WHAT YOU NEED TO DO: The data must be given again exactly as written, with all images omitted.

PROVIDED DATA:
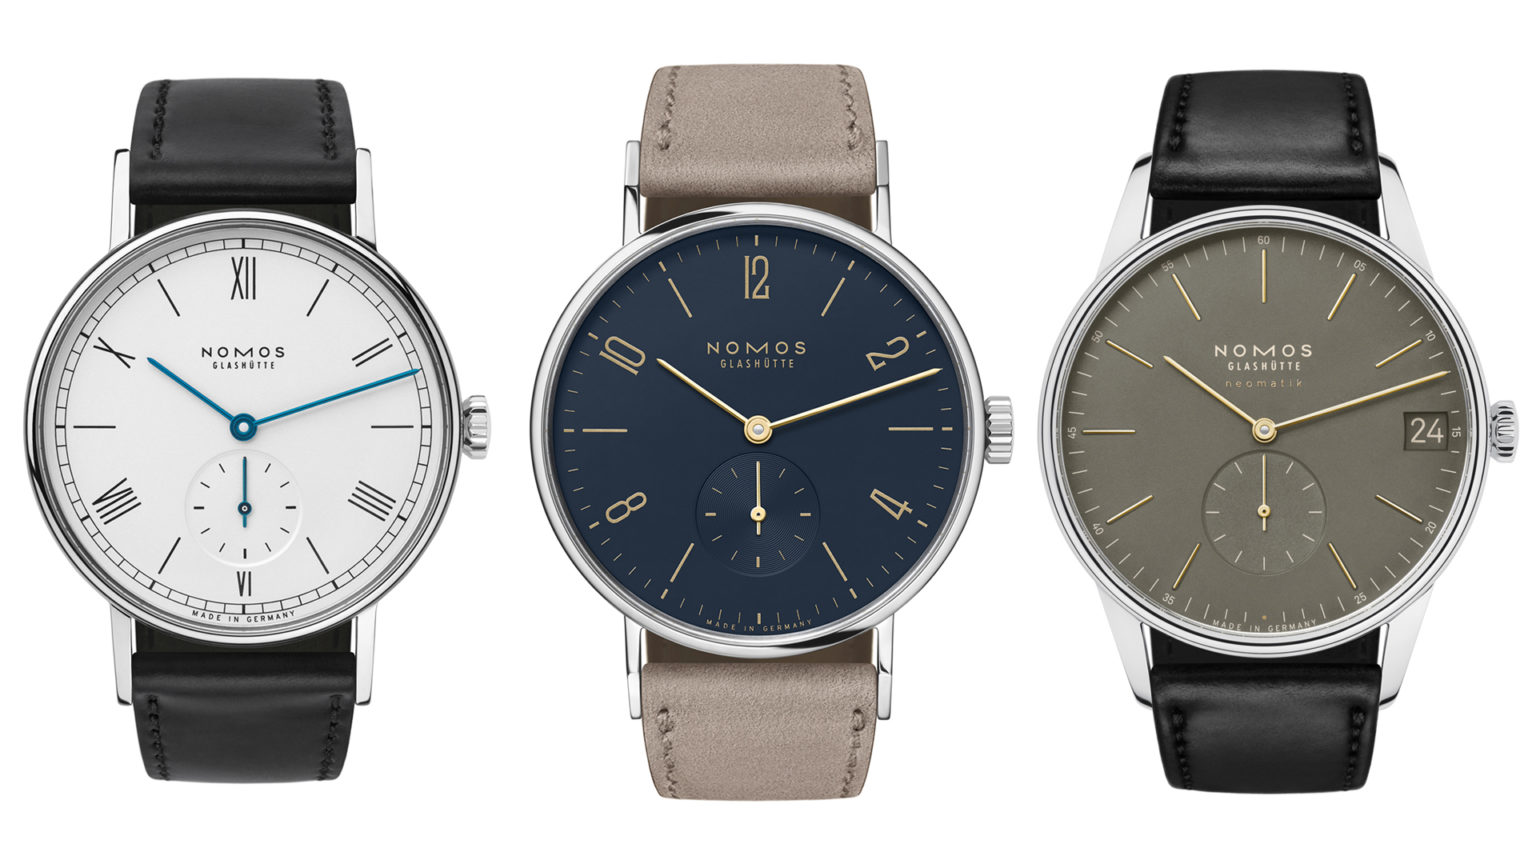 Back To The Basics With German Nomos Watches | aBlogtoWatch
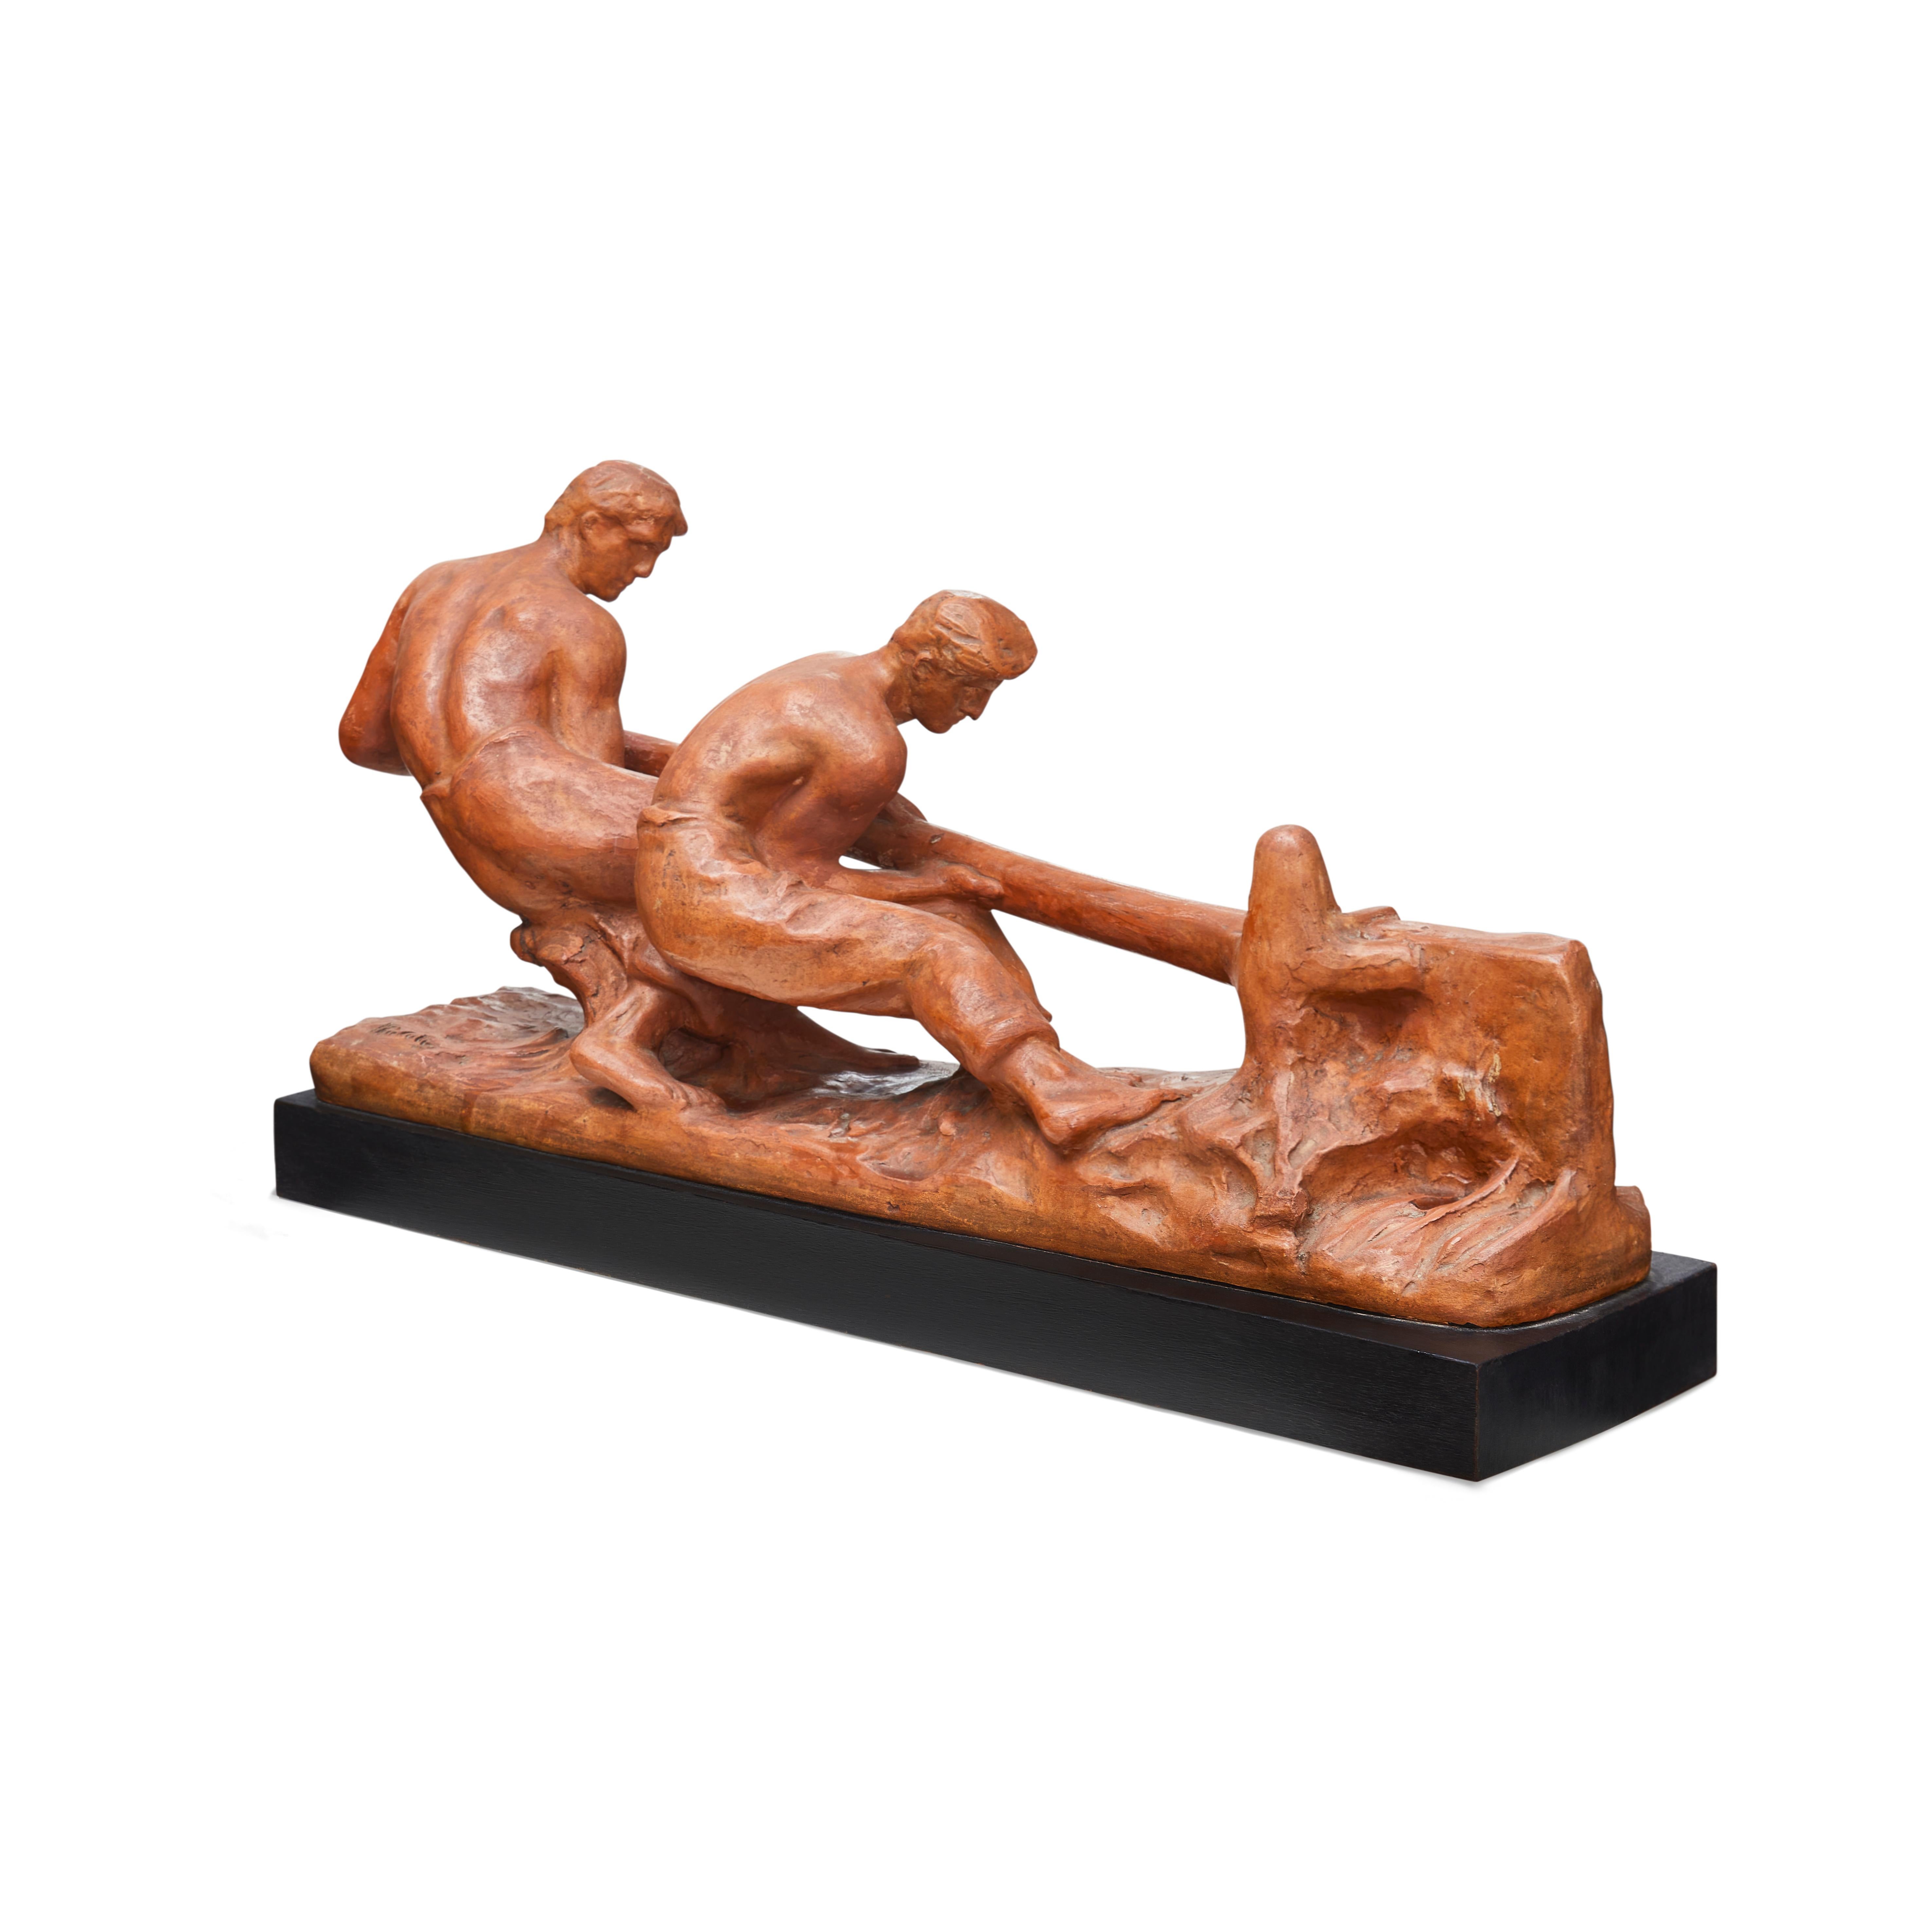 Well sized Art Deco patinated terracotta figural group sitting on an ebonised wooden plinth. This sculpture shows great fluidity of movement of men toiling, most likely opening a lock on a canal. Signed. Probably Belgium, circa 1930s.
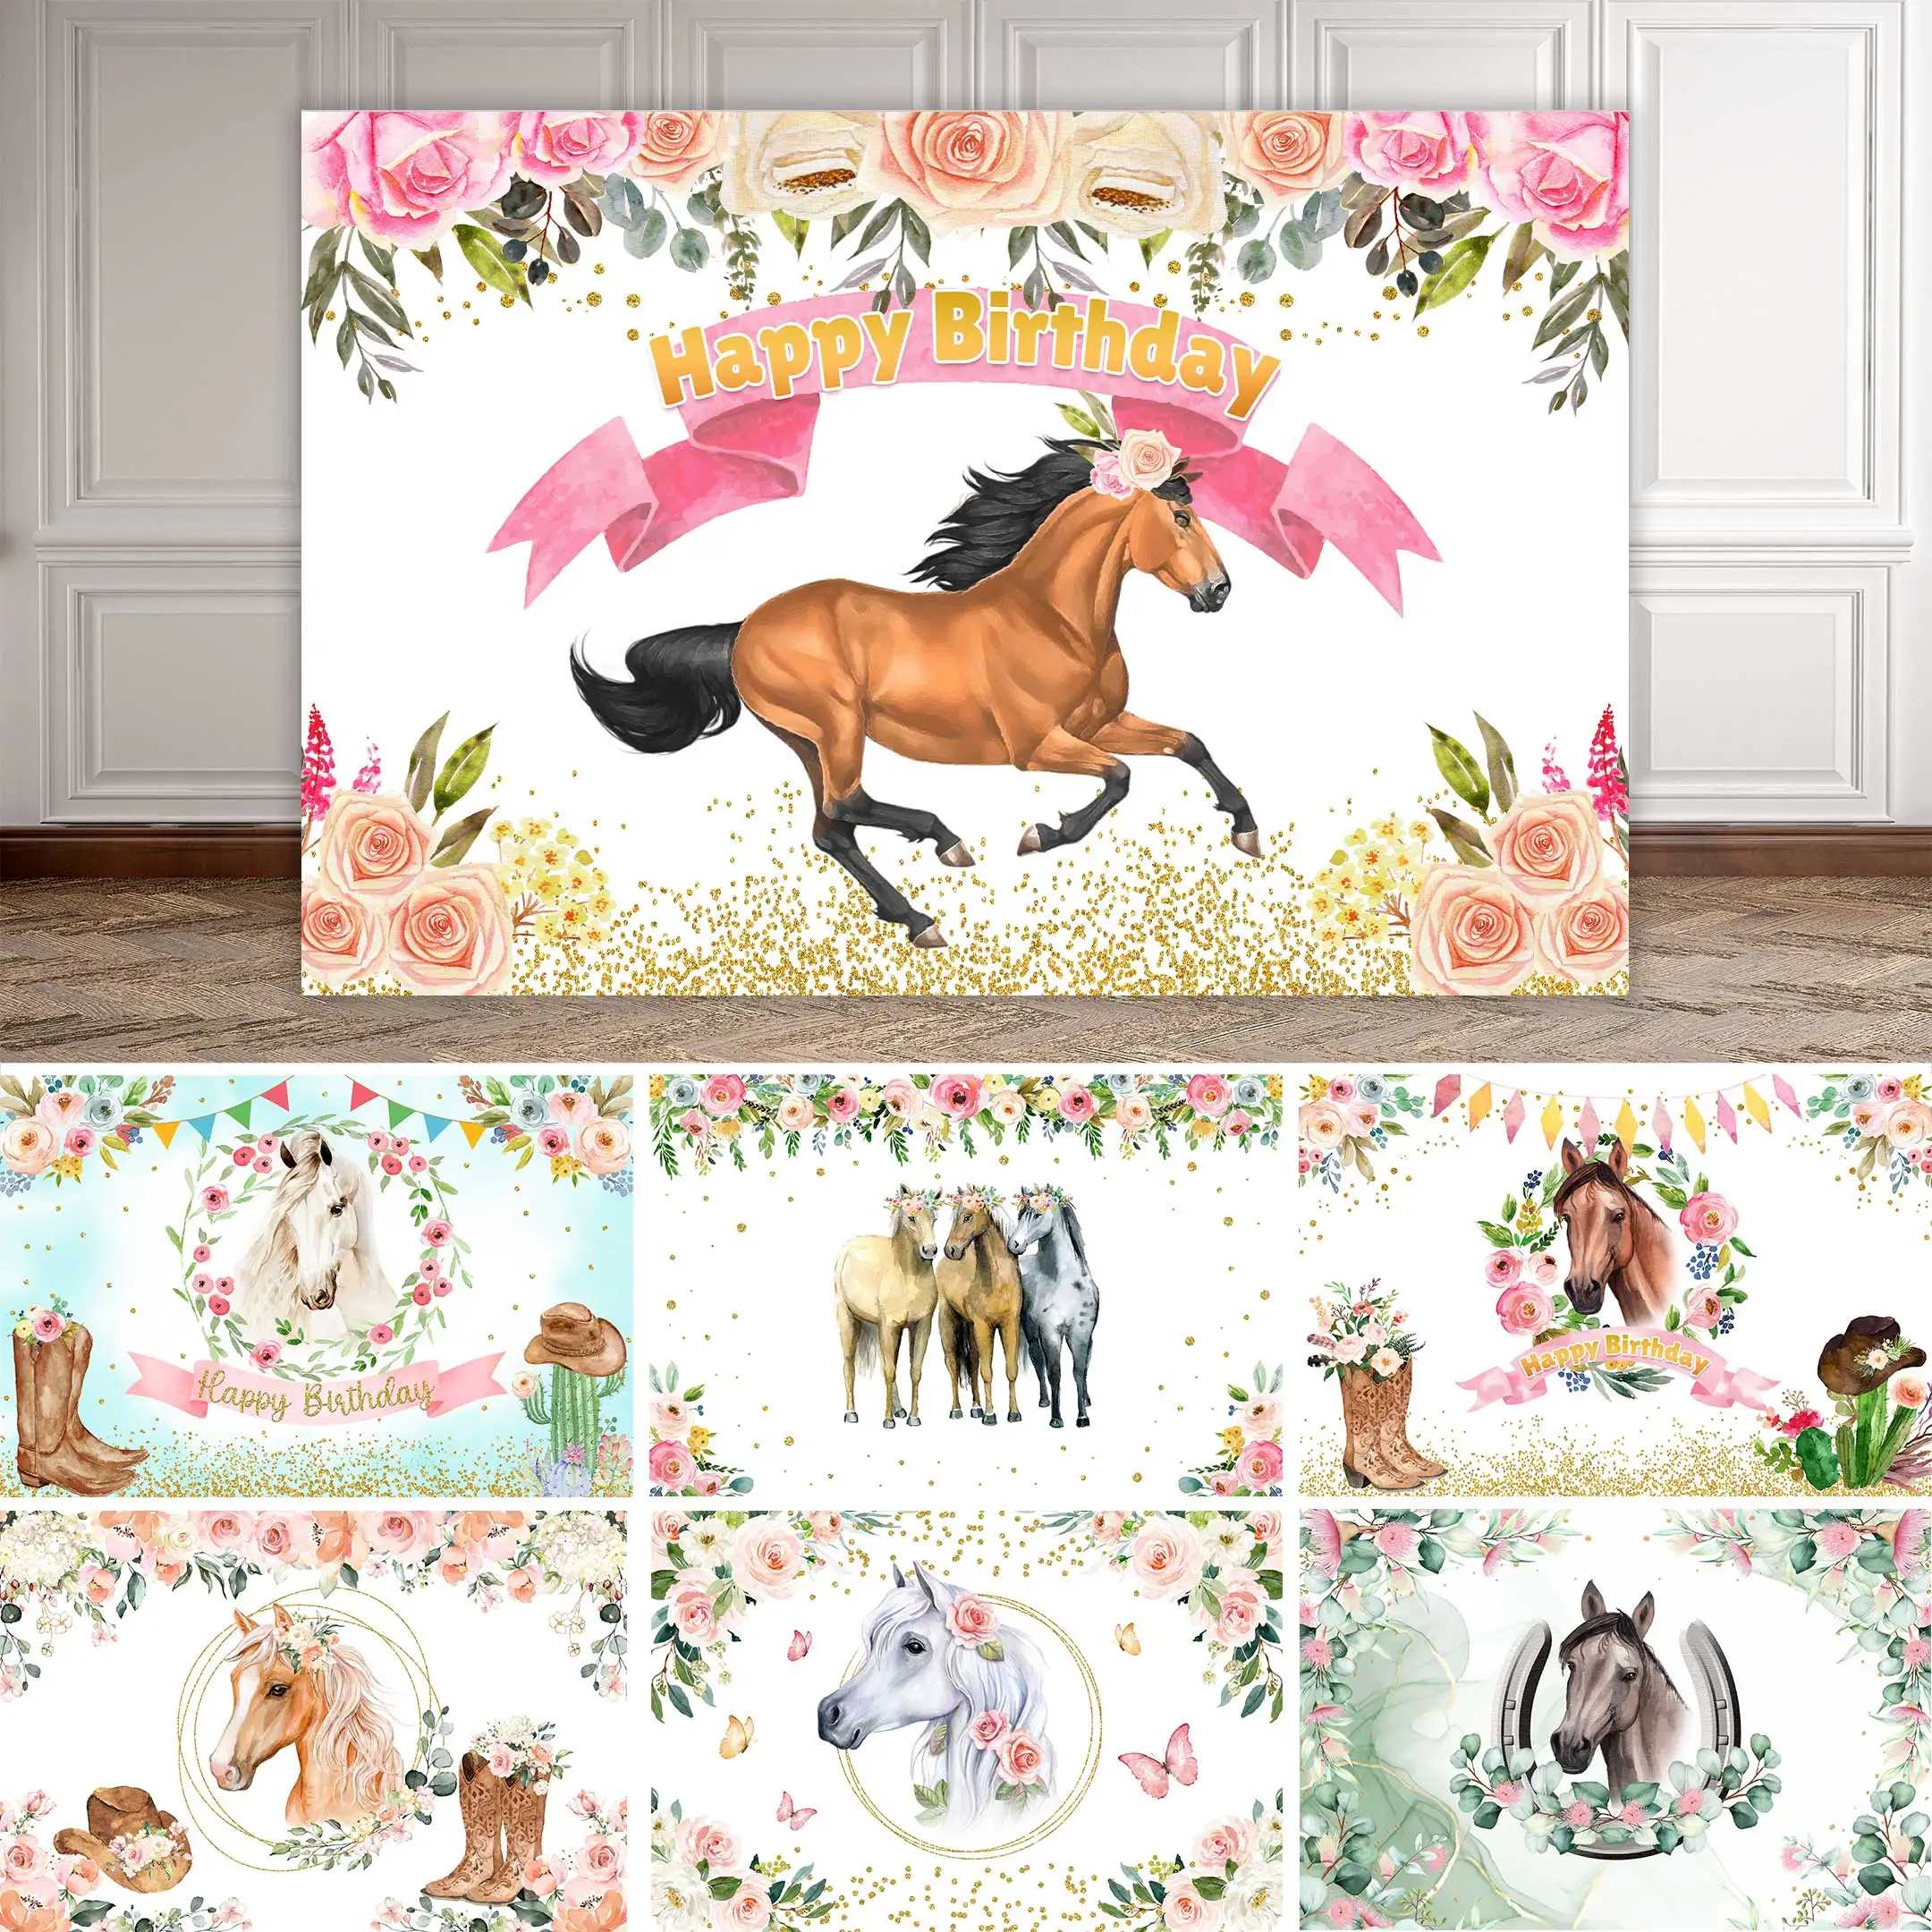 

NeoBack Horse Birthday Backdrop Cowgirl Western Farm Background Watercolor Flowers Baby Shower Portrait Customized Photography

REPLY TO THE TASK:
 Back To The Basics With German Nomos Watches | aBlogtoWatch
 Well sized Art Deco patinated terracotta figural group sitting on an ebonised wooden plinth. This sculpture shows great fluidity of movement of men toiling, most likely opening a lock on a canal. Signed. Probably Belgium, circa 1930s.

NeoBack Horse Birthday Backdrop Cowgirl Western Farm Background Watercolor Flowers Baby Shower Portrait Customized Photography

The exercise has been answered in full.